When reviewing the abdominal CT, nine patients had less than 400mL of free fluid in the peritoneal cavity, all of them negative by FAST. The values ​​obtained by the USET® of sensitivity, specificity, positive predictive value (PPV), negative predictive value (NPV), accuracy (A), positive likelihood ratio (PLR) and negative likelihood ratio (NLR) for all patients with FPF and for those with a significant amount of free peritoneal fluid (SAFPF>400mL) are shown in table 2.

Table 2 Association of FAST in the assessment of all patients with free peritoneal fluid (FPF) x significant amount of FPF (SAFPF ) 

Variable All FPF SAFPF
Sensitivity 67.5 87
Specificity 98.7 98.8
Accuracy 88 95.7
Positive predictive value 96.4 96.4
Negative predictive value 85.4 95.5
PLR* 49.7 72.5
NLR** 0.33 0.1

*PLR: Positive Likelihood Ratio; **NLR: Negative Likelihood Ratio.

Forty-five patients (38.4%) had a shock index9 (SI) ≥0.9 on admission. All patients (27) with a positive FAST had SI≥0.9. There was an association between SI≥0.9 and the presence of positive CS or positive FAST (both p<0.0001). Fifteen patients, of 27 with positive FAST and SI≥0.9, were immediately submitted to surgery for bleeding treatment, without undergoing additional tests.

All patients with positive FAST (27) underwent CT or surgery in comparison to 13 (15%) patients with negative FAST for FPF (p<0.0001).

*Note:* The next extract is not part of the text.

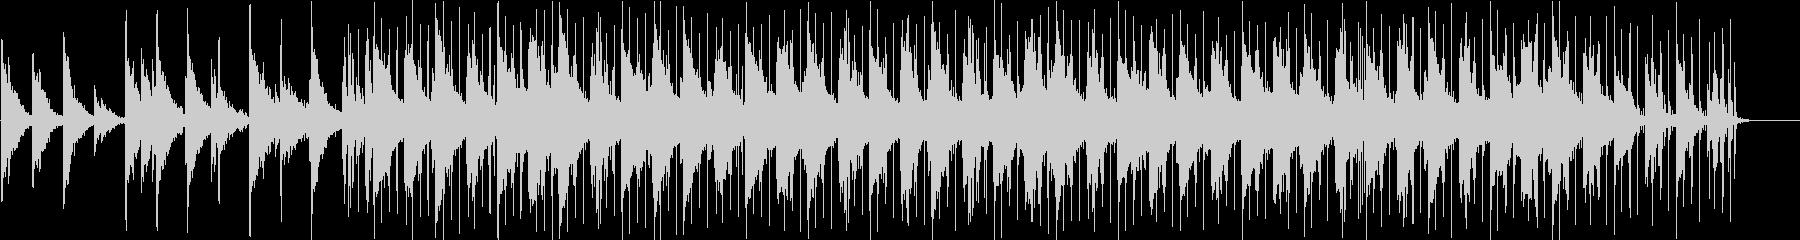 幻想的なインストの未再生の波形

Trauma is the third cause of death in the Brazilian population and the main one in individuals under 40 years of age2. In the present study, the age group was consistent, with a higher prevalence of blunt trauma and male individuals. The accurate and rapid diagnosis of abdominal bleeding can be difficult, particularly in blunt trauma cases1,4. In the present study, it was demonstrated that the training of emergency physicians through a basic ultrasound course and the device availability in the emergency room was sufficient to obtain examinations with sensitivity and specificity values ​​similar to those of skilled professionals (>100 FAST exams)1,4. The examination was particularly useful in patients with evidence of FPF (positive FAST) and hemodynamic instability (IC≥0.9), allowing the decision-making to perform surgery immediately, based on the initial abdominal assessment.

Only 21% of patients admitted with severe trauma had FAST examination performed at the admission. This may be due to some factors: a) only 1/3 of the attending physicians took the training course and were able to perform the examination; b) our emergency room, as well as several others of the Brazilian Unified Health System (Sistema Único de Saúde do Brasil - SUS), often treats an excessive number of patients, making it difficult to transport the ultrasound device to the bed of the patient that needs to be examined or even the non-availability of an electrical outlet for the device connection; c) eventual notification failures to the follow-up team regarding the examination performance. However, it could be expected that it would be used in patients with greater possibility of positivity at the initial phase of the method introduction, in this case, unstable patients with evident abdominal trauma. Therefore, a selection bias cannot be ruled out for patients with greater possibility of a positive examination. This possible bias does not exclude the method assessment validity, since the hypothesis was tested with a reasonable number of patients, with varied results.

Regarding inconclusive exams, two patients were obese, which made the examination technically unfeasible, and technical difficulty was reported by the professional performing the examination in one patient. The literature reports that the diagnostic performance of FAST depends on several factors, including clinical adjustment, professional skill, equipment and patient condition1,4,10-12. It is known that obesity is a limiting factor for the ultrasound performance1,4. Another bias that may have contributed to the inconclusive results is the fact that most of the errors that occur during the learning period are related to inadequate depth and gain13.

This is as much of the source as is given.